TASK STATEMENT »
Using the listing below, set down each line from the line containing "W&W Cycles - Jims" through the line containing "Burberrys Vintage 80s", both ends included, exactly and with nothing added.

EXTRACTED DATA »
┄┄┄┄┄┄
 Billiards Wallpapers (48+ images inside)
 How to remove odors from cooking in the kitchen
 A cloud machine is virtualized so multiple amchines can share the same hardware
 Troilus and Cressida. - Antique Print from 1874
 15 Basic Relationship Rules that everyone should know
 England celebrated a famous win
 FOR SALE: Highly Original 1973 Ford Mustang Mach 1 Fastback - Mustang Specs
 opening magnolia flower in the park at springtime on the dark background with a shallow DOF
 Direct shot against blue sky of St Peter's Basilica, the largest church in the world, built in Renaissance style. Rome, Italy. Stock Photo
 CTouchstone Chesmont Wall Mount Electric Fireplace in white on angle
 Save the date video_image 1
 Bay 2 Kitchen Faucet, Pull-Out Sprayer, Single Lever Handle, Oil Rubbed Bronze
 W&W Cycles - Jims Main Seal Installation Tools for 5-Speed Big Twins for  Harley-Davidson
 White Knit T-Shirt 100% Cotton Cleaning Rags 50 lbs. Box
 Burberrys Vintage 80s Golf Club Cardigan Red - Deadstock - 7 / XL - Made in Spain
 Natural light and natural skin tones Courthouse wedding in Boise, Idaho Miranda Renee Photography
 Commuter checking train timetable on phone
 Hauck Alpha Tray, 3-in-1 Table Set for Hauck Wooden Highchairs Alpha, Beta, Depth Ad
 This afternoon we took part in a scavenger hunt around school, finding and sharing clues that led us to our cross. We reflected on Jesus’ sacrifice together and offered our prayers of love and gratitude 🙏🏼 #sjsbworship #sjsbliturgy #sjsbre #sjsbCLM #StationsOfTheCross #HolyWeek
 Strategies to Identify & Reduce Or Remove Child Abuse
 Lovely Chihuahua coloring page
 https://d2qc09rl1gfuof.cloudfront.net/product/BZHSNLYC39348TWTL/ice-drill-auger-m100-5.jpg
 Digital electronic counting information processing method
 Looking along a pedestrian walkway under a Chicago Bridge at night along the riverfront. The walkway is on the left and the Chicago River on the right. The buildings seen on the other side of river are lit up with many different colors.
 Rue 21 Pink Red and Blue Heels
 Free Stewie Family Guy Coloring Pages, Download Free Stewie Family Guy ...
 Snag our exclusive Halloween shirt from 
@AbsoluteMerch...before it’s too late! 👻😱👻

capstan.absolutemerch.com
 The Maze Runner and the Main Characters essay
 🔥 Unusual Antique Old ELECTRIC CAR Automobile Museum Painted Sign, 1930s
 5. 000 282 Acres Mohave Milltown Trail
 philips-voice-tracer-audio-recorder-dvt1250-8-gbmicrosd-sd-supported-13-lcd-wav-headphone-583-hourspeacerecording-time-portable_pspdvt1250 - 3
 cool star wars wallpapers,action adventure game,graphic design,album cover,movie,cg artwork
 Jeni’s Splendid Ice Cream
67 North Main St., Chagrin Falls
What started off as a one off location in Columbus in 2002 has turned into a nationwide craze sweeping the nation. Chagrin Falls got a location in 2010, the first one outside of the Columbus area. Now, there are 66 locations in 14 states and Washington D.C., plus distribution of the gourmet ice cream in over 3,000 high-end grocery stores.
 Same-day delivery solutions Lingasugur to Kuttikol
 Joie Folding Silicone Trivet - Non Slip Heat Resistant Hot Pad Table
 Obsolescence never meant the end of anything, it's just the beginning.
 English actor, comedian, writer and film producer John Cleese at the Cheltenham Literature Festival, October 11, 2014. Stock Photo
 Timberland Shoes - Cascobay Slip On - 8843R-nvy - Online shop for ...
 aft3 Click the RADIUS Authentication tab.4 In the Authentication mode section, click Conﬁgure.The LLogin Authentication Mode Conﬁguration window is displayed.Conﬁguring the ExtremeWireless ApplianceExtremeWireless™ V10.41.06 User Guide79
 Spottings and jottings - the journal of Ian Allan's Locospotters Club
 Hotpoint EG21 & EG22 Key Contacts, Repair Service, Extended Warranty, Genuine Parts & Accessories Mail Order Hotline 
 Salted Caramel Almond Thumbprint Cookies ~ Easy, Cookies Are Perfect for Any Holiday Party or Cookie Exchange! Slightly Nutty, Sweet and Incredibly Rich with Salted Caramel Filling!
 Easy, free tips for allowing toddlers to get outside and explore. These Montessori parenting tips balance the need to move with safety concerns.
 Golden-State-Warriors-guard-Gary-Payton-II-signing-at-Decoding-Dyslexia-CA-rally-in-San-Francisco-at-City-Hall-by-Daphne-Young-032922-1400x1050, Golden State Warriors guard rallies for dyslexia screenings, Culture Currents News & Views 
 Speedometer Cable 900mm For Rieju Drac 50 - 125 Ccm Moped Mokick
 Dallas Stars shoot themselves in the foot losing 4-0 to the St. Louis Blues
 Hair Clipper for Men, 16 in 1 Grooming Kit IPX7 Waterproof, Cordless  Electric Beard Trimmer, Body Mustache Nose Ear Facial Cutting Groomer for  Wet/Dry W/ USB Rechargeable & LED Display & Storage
┄┄┄┄┄┄
EXERCISE OUTPUT »
 W&W Cycles - Jims Main Seal Installation Tools for 5-Speed Big Twins for  Harley-Davidson
 White Knit T-Shirt 100% Cotton Cleaning Rags 50 lbs. Box
 Burberrys Vintage 80s Golf Club Cardigan Red - Deadstock - 7 / XL - Made in Spain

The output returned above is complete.